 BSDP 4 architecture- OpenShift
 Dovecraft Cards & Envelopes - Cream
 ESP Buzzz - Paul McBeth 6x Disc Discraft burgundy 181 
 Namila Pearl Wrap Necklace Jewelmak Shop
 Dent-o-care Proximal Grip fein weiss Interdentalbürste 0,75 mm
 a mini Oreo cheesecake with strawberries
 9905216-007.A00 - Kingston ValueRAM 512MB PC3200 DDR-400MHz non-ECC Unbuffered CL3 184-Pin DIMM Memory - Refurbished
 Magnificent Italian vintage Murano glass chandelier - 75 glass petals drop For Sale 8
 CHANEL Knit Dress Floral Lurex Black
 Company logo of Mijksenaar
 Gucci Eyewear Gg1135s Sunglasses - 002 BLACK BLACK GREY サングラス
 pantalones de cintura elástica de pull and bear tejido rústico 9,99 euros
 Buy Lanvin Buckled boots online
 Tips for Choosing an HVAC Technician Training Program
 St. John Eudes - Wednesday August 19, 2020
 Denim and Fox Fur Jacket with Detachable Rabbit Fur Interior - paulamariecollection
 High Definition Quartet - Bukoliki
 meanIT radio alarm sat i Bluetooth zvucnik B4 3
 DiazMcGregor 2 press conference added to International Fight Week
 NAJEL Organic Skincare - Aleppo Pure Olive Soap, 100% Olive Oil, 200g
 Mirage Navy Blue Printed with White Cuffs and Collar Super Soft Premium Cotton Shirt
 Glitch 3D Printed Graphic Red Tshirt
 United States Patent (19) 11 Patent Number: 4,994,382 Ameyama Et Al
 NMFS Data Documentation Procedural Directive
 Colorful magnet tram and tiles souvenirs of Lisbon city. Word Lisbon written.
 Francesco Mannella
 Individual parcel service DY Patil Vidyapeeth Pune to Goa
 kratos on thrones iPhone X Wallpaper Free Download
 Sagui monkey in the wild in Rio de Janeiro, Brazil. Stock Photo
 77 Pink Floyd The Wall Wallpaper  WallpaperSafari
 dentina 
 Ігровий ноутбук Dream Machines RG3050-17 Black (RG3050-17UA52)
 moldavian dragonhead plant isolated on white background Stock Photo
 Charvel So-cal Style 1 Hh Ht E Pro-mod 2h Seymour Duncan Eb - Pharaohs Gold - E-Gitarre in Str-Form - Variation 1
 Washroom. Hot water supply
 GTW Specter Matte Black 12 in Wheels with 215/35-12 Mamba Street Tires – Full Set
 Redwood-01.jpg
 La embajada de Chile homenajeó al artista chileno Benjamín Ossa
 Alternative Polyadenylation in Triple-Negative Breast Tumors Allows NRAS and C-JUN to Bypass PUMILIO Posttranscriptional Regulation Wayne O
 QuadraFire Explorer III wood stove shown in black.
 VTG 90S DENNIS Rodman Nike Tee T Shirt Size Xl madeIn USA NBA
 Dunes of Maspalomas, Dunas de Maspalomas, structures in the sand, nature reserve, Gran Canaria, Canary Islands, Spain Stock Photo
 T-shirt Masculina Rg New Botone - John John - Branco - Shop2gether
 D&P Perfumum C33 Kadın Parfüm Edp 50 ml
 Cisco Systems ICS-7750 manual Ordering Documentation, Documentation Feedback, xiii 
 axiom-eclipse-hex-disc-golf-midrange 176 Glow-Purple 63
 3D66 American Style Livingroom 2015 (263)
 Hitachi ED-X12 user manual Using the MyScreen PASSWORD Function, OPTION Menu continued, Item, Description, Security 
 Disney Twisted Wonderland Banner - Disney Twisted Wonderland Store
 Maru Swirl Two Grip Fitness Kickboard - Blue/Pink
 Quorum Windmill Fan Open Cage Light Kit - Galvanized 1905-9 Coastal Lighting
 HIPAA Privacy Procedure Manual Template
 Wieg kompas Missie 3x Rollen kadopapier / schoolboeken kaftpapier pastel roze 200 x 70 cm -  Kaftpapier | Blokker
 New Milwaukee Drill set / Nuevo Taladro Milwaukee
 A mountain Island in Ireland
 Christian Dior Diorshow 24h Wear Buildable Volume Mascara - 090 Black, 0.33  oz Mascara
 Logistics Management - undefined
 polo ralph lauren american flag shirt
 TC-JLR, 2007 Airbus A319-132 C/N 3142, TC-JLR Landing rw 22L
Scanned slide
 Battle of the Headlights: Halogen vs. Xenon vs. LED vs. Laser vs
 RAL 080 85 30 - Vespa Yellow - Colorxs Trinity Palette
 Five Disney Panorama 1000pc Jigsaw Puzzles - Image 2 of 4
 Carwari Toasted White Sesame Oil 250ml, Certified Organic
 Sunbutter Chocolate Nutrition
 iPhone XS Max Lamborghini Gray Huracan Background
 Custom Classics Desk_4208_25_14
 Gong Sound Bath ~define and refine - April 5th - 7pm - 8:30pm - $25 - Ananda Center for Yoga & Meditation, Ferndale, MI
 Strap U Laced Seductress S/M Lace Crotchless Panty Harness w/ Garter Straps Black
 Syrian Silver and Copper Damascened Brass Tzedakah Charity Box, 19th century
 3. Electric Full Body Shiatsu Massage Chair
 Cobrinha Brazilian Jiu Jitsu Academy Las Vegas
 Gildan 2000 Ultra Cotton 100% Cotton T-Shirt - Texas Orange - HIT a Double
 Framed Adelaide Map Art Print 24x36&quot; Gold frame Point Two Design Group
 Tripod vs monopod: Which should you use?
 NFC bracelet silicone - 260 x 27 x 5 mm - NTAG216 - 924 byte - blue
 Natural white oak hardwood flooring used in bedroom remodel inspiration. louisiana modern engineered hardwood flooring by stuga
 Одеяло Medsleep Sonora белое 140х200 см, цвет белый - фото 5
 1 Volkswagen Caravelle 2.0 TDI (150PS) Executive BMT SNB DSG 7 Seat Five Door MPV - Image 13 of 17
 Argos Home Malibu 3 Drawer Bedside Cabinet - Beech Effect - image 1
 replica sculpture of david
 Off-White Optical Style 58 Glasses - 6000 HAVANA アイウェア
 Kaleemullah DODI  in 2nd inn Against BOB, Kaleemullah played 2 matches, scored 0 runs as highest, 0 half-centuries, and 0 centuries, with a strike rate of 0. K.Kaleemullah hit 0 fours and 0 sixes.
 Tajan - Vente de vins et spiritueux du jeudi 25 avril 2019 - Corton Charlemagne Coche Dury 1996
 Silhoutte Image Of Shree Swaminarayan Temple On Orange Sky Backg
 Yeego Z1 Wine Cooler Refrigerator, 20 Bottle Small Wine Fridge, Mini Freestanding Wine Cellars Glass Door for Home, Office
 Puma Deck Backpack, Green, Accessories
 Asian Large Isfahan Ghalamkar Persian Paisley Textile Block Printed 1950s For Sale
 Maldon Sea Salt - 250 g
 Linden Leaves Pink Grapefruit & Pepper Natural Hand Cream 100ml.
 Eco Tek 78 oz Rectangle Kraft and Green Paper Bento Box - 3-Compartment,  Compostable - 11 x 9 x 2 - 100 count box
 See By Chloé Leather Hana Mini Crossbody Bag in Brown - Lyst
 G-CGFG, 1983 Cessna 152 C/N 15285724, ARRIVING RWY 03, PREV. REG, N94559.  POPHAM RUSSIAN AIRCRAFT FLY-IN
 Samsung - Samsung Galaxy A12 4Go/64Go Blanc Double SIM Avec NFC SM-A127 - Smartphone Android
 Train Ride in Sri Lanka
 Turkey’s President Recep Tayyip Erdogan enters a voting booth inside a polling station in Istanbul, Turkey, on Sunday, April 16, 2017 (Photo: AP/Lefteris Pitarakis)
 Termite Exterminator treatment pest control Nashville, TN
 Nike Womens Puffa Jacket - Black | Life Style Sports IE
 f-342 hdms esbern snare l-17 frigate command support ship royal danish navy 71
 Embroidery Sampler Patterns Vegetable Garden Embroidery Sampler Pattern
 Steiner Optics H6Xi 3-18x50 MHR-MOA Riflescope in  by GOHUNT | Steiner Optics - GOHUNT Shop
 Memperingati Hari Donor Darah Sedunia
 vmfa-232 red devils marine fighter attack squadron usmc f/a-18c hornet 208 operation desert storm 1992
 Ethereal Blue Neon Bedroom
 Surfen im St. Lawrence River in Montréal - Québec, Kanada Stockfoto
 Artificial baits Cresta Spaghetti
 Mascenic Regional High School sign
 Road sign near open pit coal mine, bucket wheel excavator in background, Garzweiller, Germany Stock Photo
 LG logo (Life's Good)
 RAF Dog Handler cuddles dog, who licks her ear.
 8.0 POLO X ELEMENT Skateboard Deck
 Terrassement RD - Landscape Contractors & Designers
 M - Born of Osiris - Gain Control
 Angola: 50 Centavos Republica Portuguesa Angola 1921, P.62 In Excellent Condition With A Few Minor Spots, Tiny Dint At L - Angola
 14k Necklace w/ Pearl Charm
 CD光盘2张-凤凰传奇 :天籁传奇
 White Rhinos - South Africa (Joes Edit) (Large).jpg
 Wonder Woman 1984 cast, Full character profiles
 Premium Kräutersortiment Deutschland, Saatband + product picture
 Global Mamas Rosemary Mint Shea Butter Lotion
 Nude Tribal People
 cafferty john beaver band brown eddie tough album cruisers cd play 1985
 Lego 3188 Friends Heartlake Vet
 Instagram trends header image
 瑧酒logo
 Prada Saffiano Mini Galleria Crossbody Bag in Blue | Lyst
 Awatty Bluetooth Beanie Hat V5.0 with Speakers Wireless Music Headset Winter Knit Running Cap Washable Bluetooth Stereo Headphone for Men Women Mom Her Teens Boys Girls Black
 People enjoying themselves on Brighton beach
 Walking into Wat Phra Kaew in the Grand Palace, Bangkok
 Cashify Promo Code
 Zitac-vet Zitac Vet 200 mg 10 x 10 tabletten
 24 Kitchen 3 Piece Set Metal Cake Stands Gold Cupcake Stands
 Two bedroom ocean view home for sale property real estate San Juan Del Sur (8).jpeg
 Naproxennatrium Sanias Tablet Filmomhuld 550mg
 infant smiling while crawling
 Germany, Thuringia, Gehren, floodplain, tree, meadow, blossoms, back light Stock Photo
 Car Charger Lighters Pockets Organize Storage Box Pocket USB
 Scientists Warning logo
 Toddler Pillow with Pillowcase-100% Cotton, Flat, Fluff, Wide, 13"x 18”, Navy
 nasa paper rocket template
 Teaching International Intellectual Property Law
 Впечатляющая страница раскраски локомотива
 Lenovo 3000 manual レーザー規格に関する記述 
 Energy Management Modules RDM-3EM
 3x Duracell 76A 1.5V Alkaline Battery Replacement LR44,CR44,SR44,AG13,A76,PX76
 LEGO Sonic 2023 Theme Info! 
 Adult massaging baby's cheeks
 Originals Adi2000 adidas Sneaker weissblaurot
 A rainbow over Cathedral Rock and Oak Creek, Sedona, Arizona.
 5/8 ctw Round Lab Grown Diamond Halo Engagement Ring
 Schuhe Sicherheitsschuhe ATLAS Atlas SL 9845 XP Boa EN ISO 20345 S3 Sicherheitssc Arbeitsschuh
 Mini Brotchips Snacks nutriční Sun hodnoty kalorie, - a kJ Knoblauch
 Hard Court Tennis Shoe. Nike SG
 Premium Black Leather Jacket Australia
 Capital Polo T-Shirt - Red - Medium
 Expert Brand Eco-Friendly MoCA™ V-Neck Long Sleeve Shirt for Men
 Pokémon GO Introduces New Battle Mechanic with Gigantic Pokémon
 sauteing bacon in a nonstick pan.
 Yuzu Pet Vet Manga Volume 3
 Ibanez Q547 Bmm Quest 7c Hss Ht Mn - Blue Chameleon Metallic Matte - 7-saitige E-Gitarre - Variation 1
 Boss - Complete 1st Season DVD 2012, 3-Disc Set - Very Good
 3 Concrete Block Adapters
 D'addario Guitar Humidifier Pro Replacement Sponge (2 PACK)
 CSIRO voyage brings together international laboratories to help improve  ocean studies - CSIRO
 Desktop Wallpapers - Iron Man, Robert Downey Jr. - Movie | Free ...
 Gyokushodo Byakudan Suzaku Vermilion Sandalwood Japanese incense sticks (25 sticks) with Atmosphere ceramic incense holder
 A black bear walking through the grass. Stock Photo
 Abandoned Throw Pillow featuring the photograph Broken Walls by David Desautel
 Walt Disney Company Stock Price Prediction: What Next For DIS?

####

**Your assignment**
What you return must be the lines above that run from the line with "Global Mamas Rosemary" to the line with "5/8 ctw Round", inclusive, each copied exactly.

**Answer to the problem**
 Global Mamas Rosemary Mint Shea Butter Lotion
 Nude Tribal People
 cafferty john beaver band brown eddie tough album cruisers cd play 1985
 Lego 3188 Friends Heartlake Vet
 Instagram trends header image
 瑧酒logo
 Prada Saffiano Mini Galleria Crossbody Bag in Blue | Lyst
 Awatty Bluetooth Beanie Hat V5.0 with Speakers Wireless Music Headset Winter Knit Running Cap Washable Bluetooth Stereo Headphone for Men Women Mom Her Teens Boys Girls Black
 People enjoying themselves on Brighton beach
 Walking into Wat Phra Kaew in the Grand Palace, Bangkok
 Cashify Promo Code
 Zitac-vet Zitac Vet 200 mg 10 x 10 tabletten
 24 Kitchen 3 Piece Set Metal Cake Stands Gold Cupcake Stands
 Two bedroom ocean view home for sale property real estate San Juan Del Sur (8).jpeg
 Naproxennatrium Sanias Tablet Filmomhuld 550mg
 infant smiling while crawling
 Germany, Thuringia, Gehren, floodplain, tree, meadow, blossoms, back light Stock Photo
 Car Charger Lighters Pockets Organize Storage Box Pocket USB
 Scientists Warning logo
 Toddler Pillow with Pillowcase-100% Cotton, Flat, Fluff, Wide, 13"x 18”, Navy
 nasa paper rocket template
 Teaching International Intellectual Property Law
 Впечатляющая страница раскраски локомотива
 Lenovo 3000 manual レーザー規格に関する記述 
 Energy Management Modules RDM-3EM
 3x Duracell 76A 1.5V Alkaline Battery Replacement LR44,CR44,SR44,AG13,A76,PX76
 LEGO Sonic 2023 Theme Info! 
 Adult massaging baby's cheeks
 Originals Adi2000 adidas Sneaker weissblaurot
 A rainbow over Cathedral Rock and Oak Creek, Sedona, Arizona.
 5/8 ctw Round Lab Grown Diamond Halo Engagement Ring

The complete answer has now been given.